Representative team honours
- Years: Team / Games (Goals)
- 1913–14: Victoria / ? (?)
- ^{1} Playing statistics correct to the end of 1922.^{2} Representative statistics correct as of 1914.

= Harry Haughton =

Australian rules footballer and coach

Henry Irwin Haughton (2 January 1886 – 19 January 1958) was an Australian rules footballer who played for Carlton in the Victorian Football League (VFL) during the 1910s.

==Football==
===Northcote (VFA)===
A versatile player from Northcote, Haughton was already 26 when recruited by Carlton but still managed to play for eight seasons.

===Carlton (VFL)===
He was a dual premiership player at Carlton, appearing in their winning 1914 and 1915 Grand Final teams. In the first Grand Final he was used on a half back flank but played in the ruck the following year. Haughton, a New Zealander by birth, was also a member of the side which lost the 1916 Grand Final.
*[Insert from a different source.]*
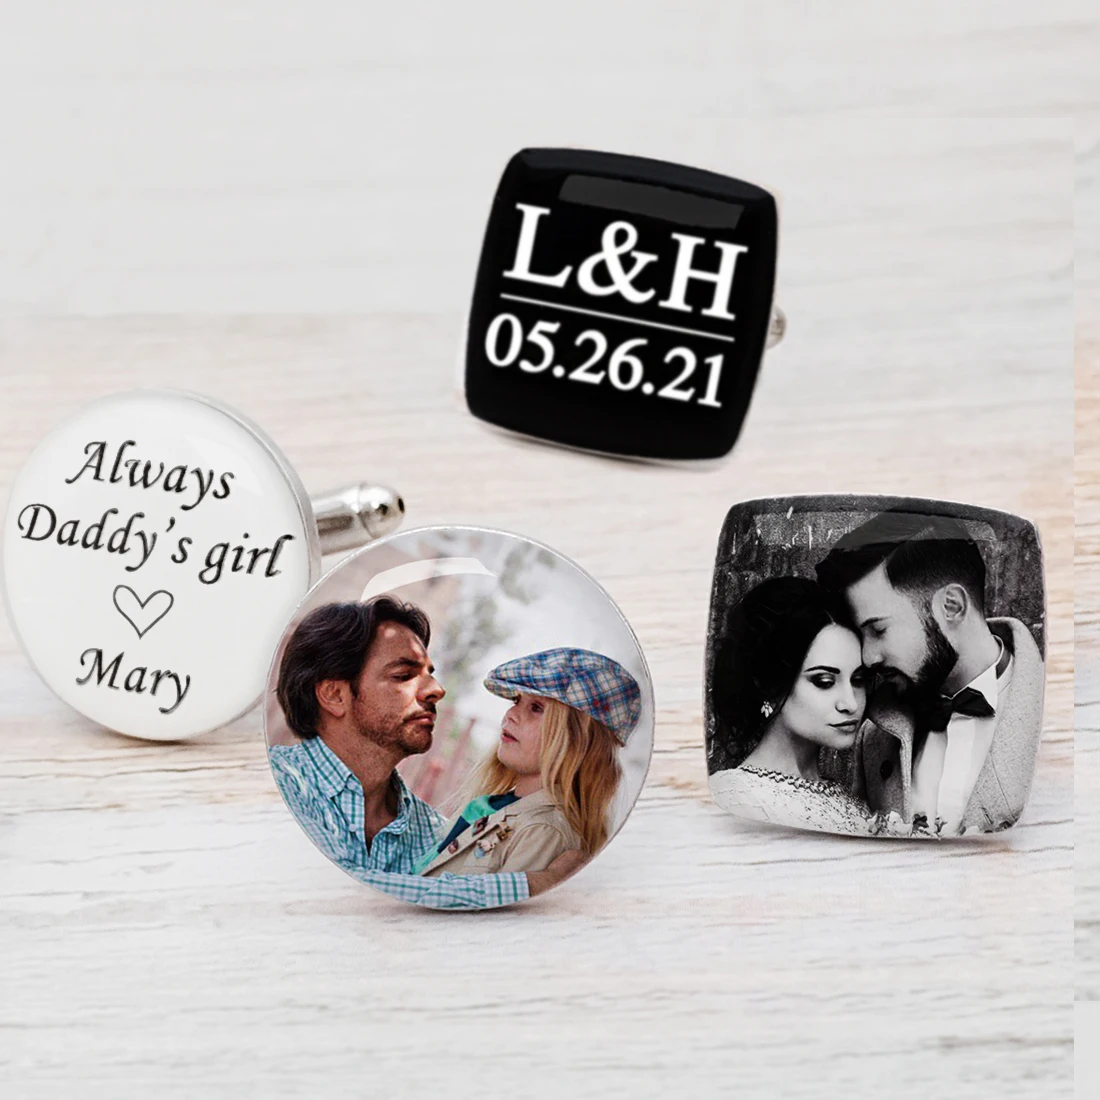 Custom Photo Cufflinks Picture Cufflinks Mens Cufflinks Personalized Gift for Man Groom Dad Father's Gift is god really my father действительно ли бог мой отец
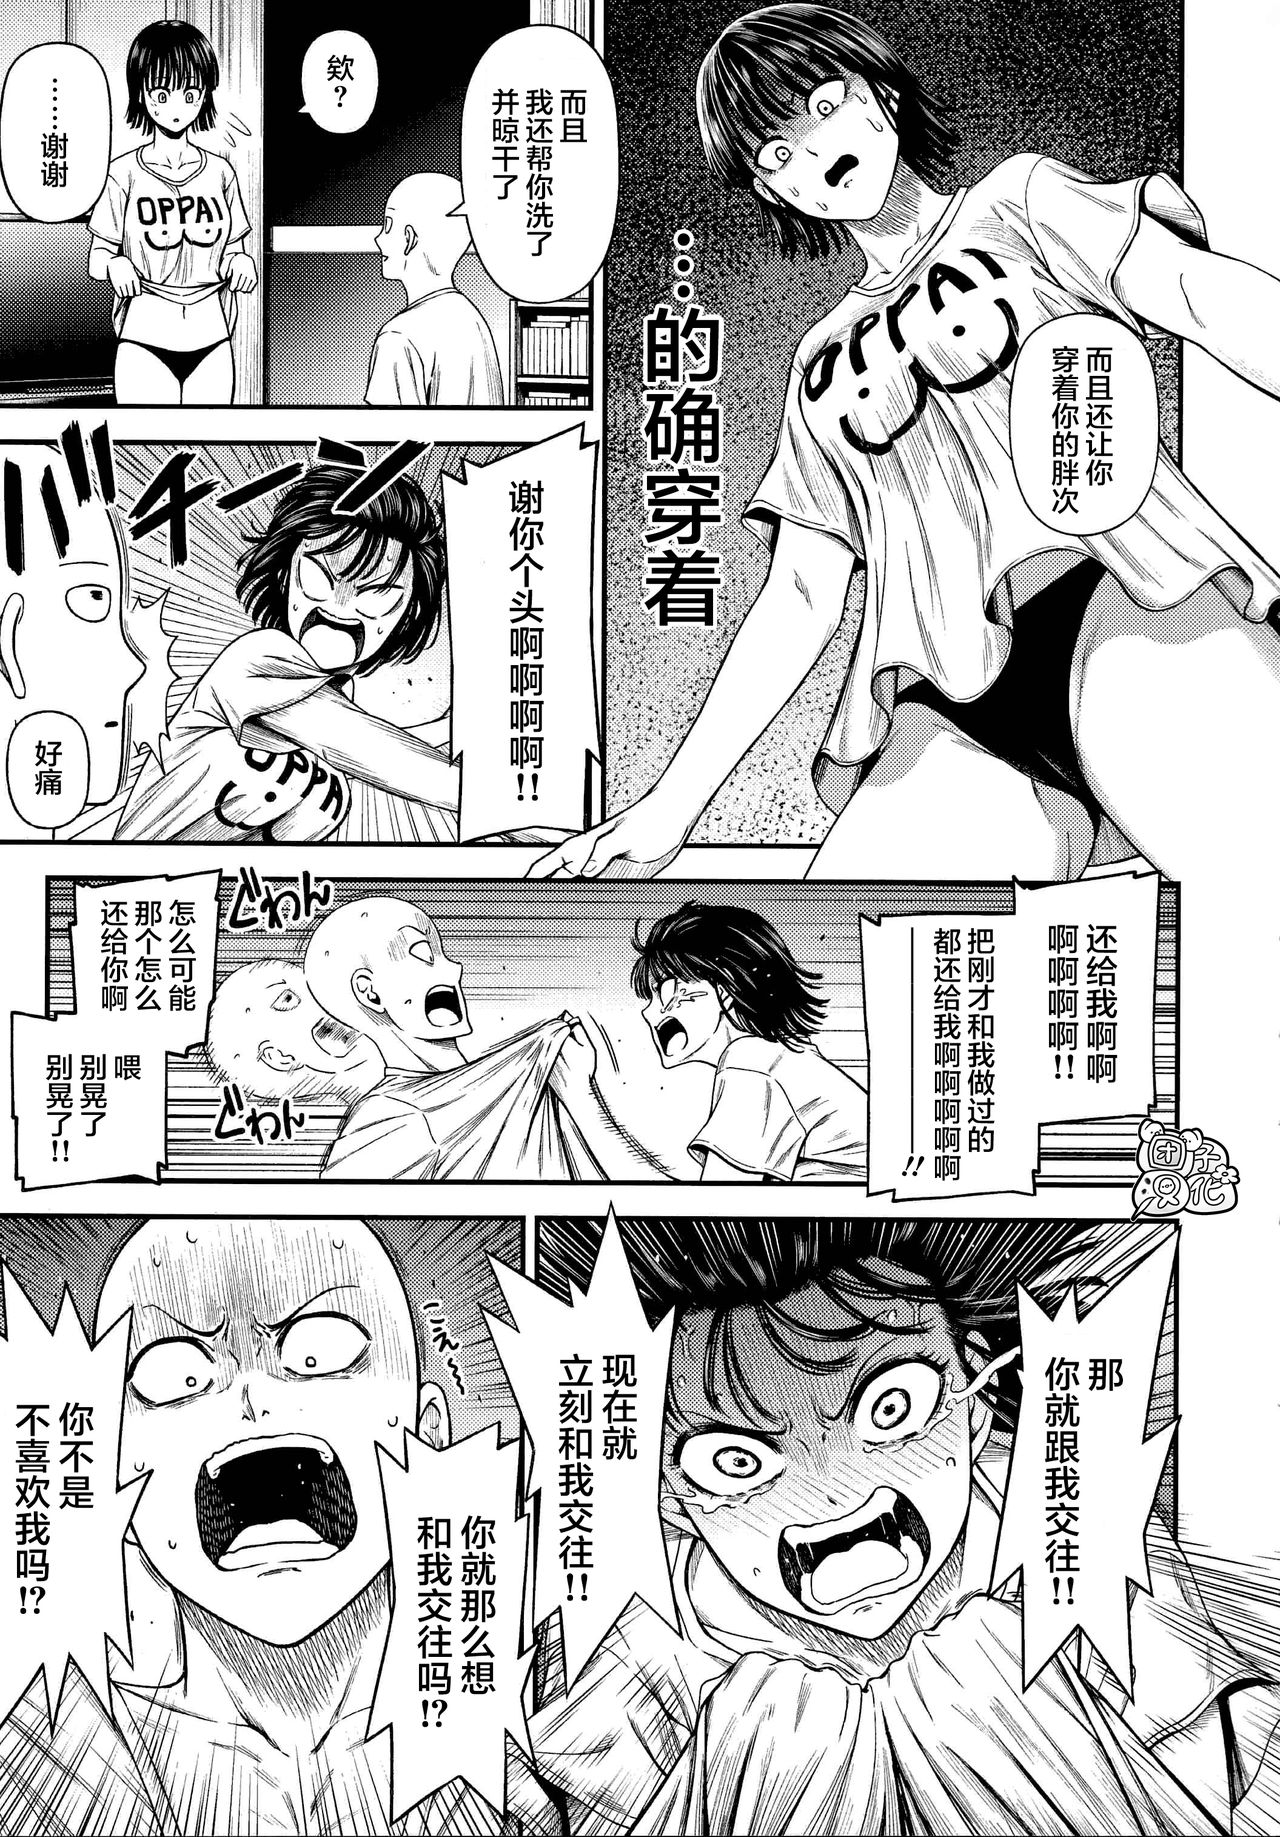 [Kiyosumi Hurricane (Kiyosumi Hurricane)] ONE-HURRICANE (One Punch Man) page 35 full

===Representative teams===
While at Carlton he represented the VFL at interstate football in 1913 and at the 1914 Sydney Carnival.

===Williamstown (VFA)===
He finished his career back in the Victorian Football Association where he was appointed captain-coach of Williamstown in 1920. He stepped down from the coaching role in 1921 but stayed on as a player and starred at centre half-forward in Williamstown's premiership victory over Footscray at Fitzroy's Brunswick St Oval, where Williamstown defeated Footscray by 3 goals, 8.9 to 5.9. He played on at age 36 until half-way through 1922 before taking up a country coaching position. He played a total of 45 games and kicked 72 goals during his time at Williamstown.